Stanton argumentou que os militantes Fulani “deixam a vila muçulmana nas proximidades completamente sozinha”.

“Todas as 7.600 cristãs mortas na Nigéria desde 2015 pelas milícias Fulani são cristãs”, afirmou Stanton. “Isso é genocídio. É a destruição intencional, total ou parcial, de um grupo religioso.”

Stanton enfatizou que os aldeões e agricultores cristãos “não têm conflito com os Fulanis”.
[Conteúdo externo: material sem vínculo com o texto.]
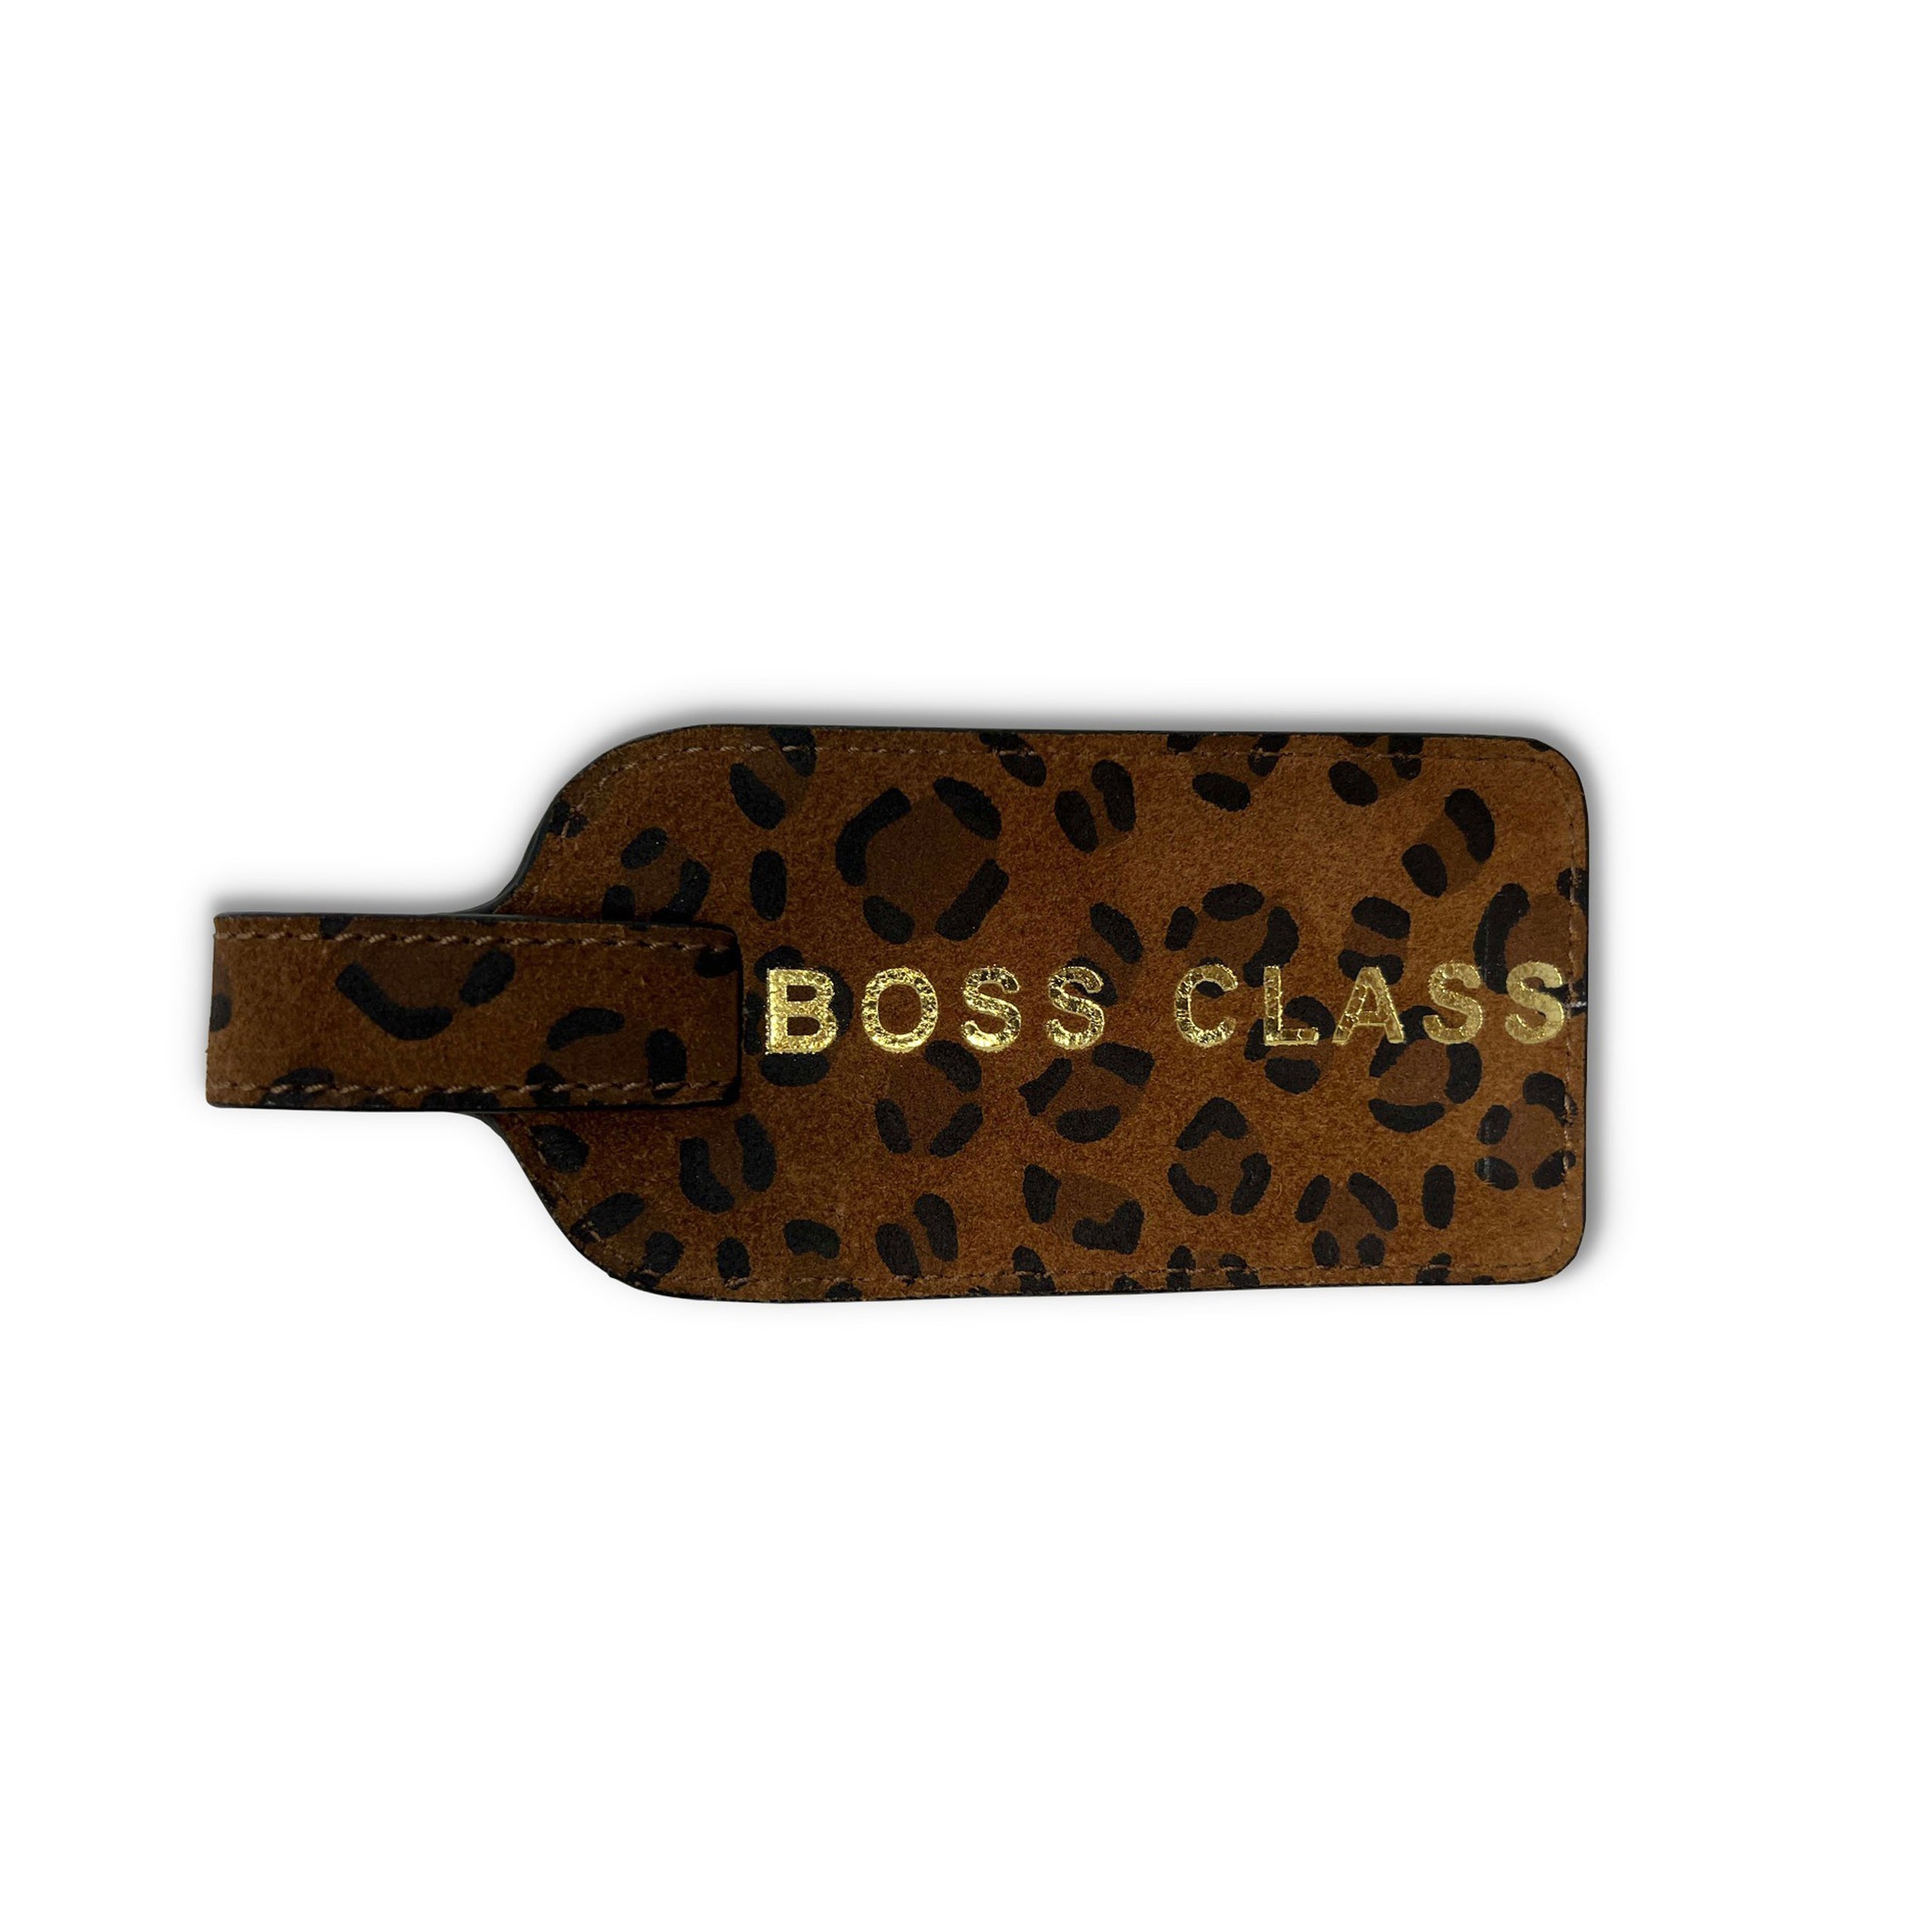 Boss Class Luggage Tag
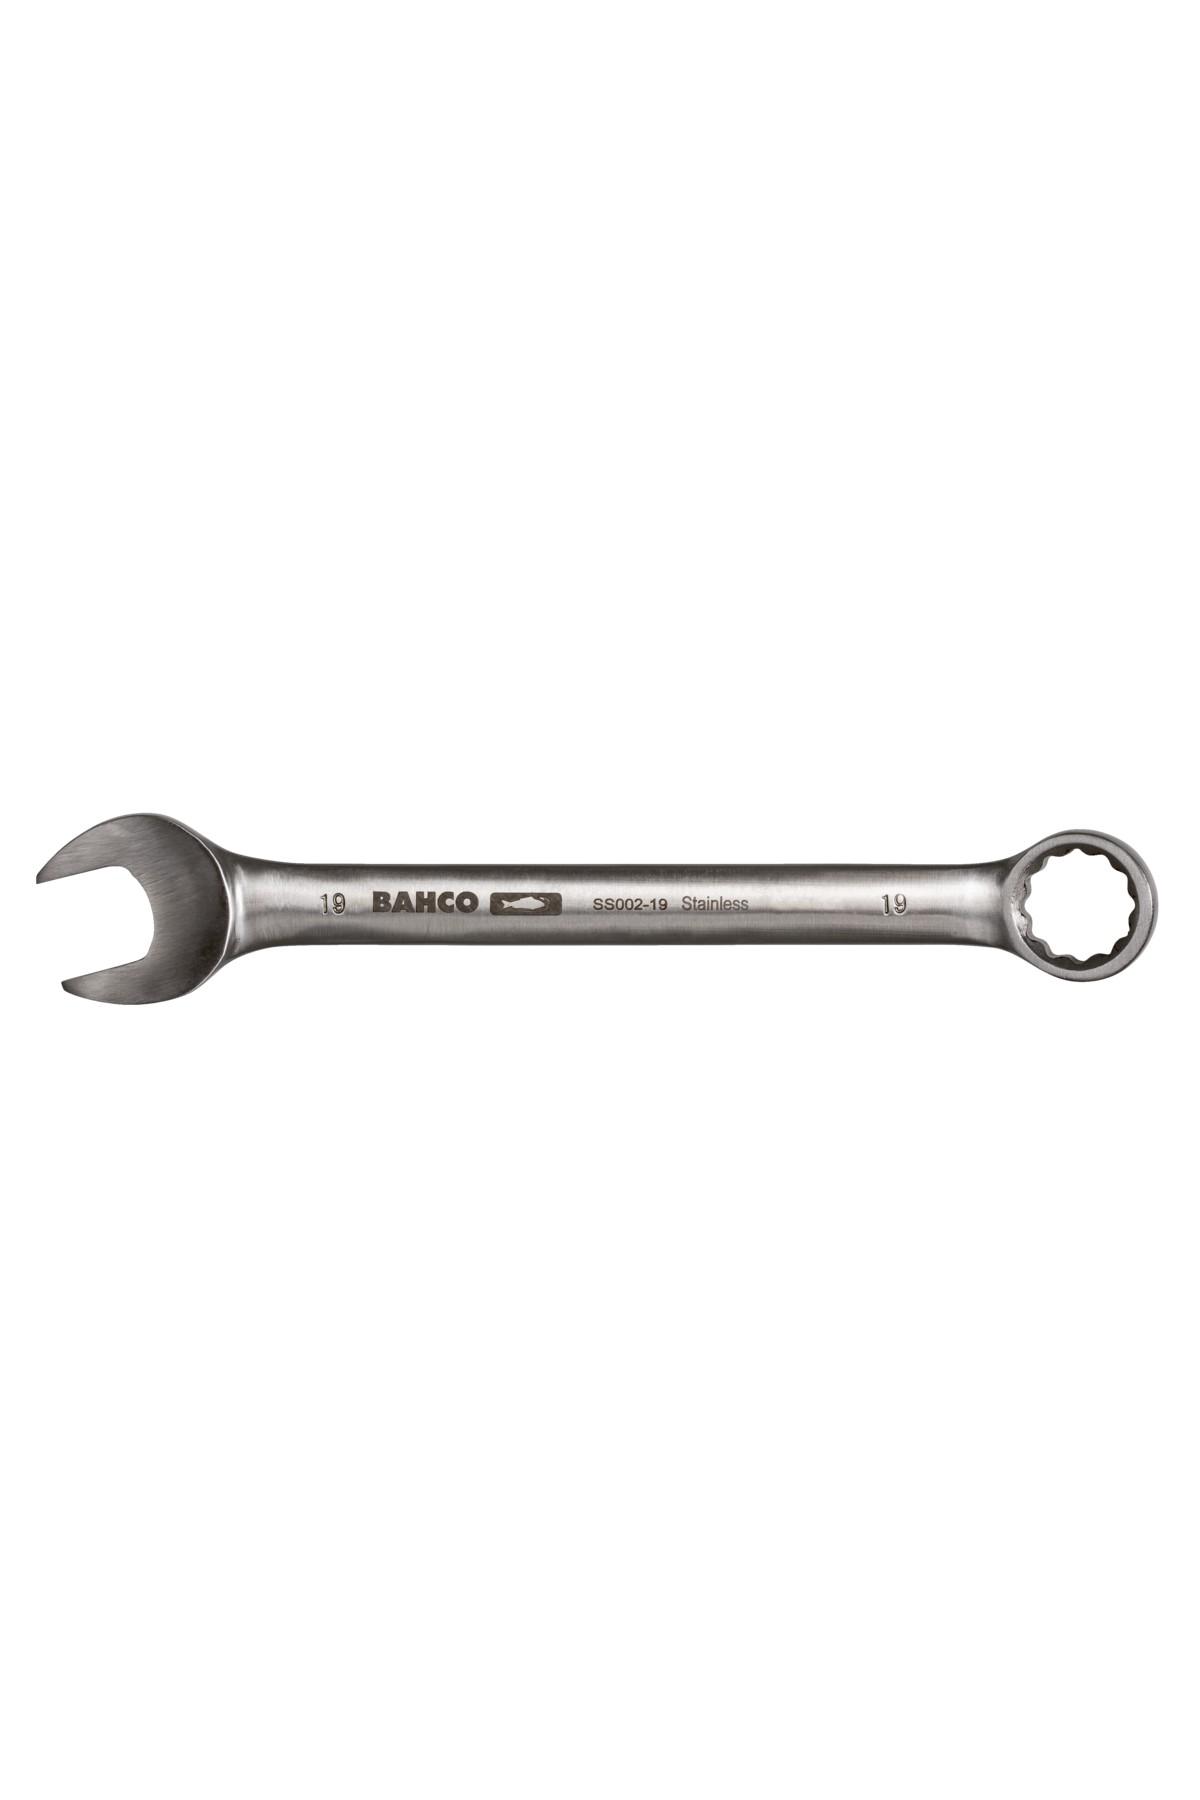 Ring spanner stainless 8mm
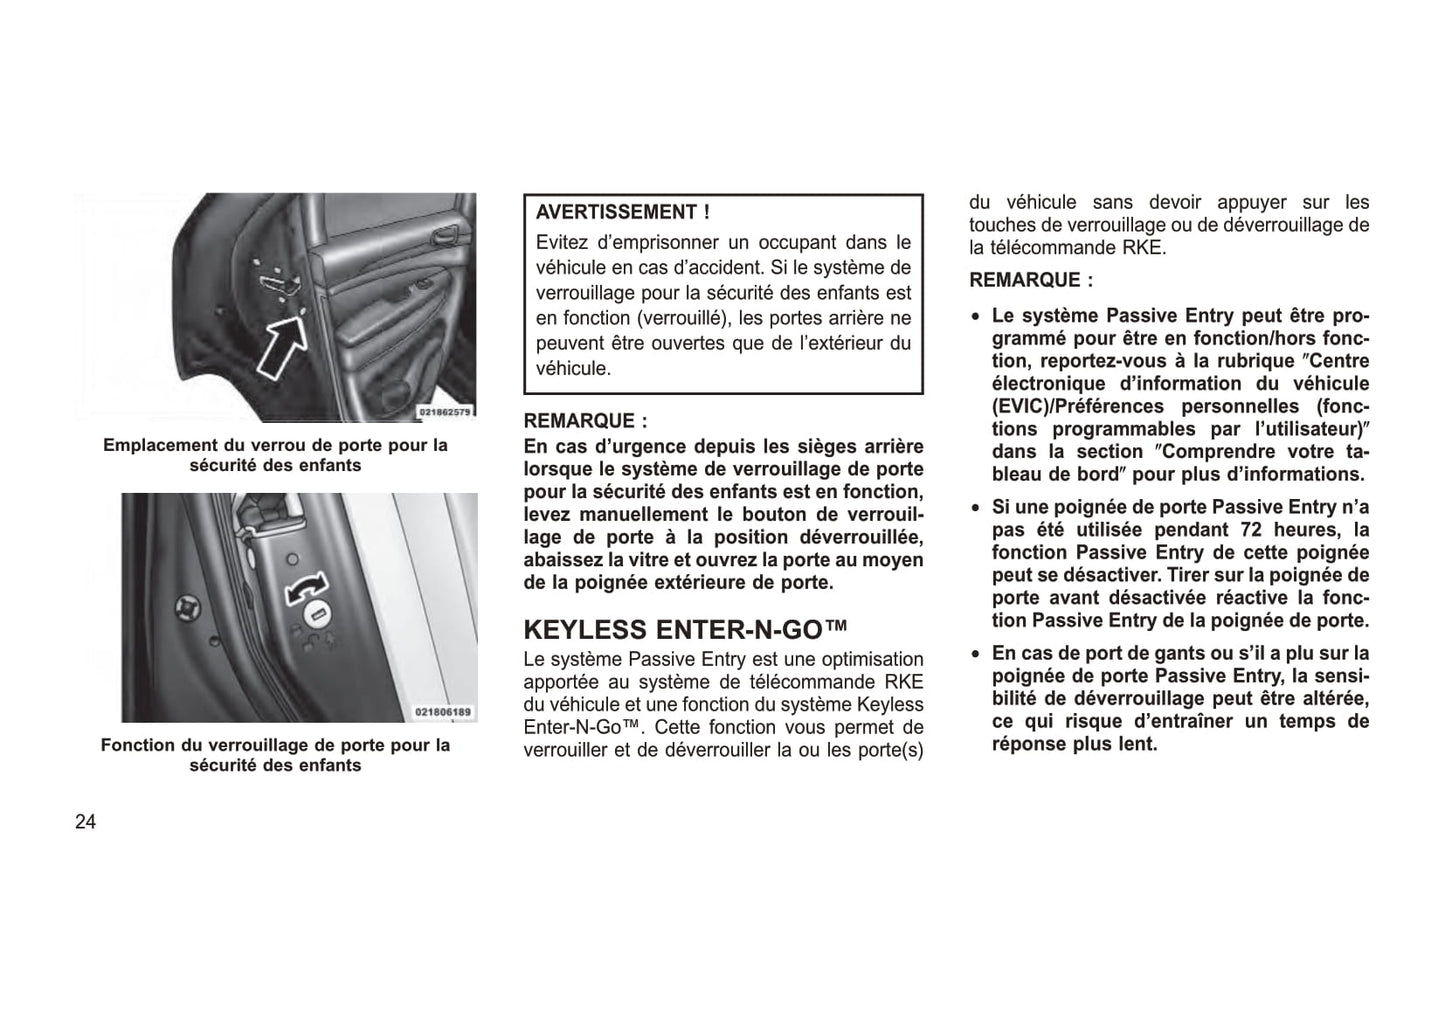 2012-2013 Jeep Grand Cherokee Owner's Manual | French

“Os Fulanis agora chegam com caminhões, talvez 100 de seus combatentes. Eles simplesmente massacram uma vila cristã”, acrescentou.

Wolf concordou com a avaliação de Stanton da abordagem da embaixada dos EUA.

“Quero dizer isso claramente, as políticas e ações atuais da Embaixada Americana na Nigéria falharam”, disse ele. “Acredito que precisamos de um enviado especial para a Nigéria, na região do Lago Chade, uma pessoa que possa coordenar a resposta dos EUA à crise por várias agências de ajuda do nosso governo, que possam trabalhar com os aliados na França e na Inglaterra e outros países da OTAN.”

Stanton disse que uma maneira de superar a narrativa dominante é conduzindo uma investigação internacional em larga escala que resultaria em um relatório oficial.

“Como fizemos com Darfur, no entanto, percebemos que, mesmo após uma investigação de nosso próprio governo, não foi suficiente para convencer as [Nações Unidas]”, disse Stanton. “Eles montaram sua própria comissão de inquérito, que saiu com um relatório que dizia que não havia evidência suficiente de intenção de dizer que o Sudão estava cometendo genocídio contra o povo de Darfur, o que não faz sentido”.

“Quando a comissão foi formada, já havia 50.000 Darfuris que foram assassinados com a ajuda do governo sudanês com bombardeios e assim por diante. Infelizmente, é isso que está acontecendo hoje na Nigéria. O governo central, o governo federal, está essencialmente atuando como espectador. Não está buscando ativamente.”

Wolf alertou que “todos os dias há um atraso na nomeação de um enviado especial, significa que mais pessoas morrerão.”

“Quando a nomeação é feita, o secretário Pompeo deve ficar ao lado do nomeado para mostrar que ele ou ela tem o apoio do secretário e da administração”, disse Wolf. “Acredito que o fracasso em agir significa que milhares mais morrerão na Nigéria e haverá sérias repercussões na África e além.”

Um enviado especial para a Nigéria e a região do Lago Chade “pode anular essencialmente o negação do nosso embaixador”, enfatizou Stanton.

“Eles podem realmente organizar um esforço para fazer algo sobre esses massacres e genocídios”, disse ele.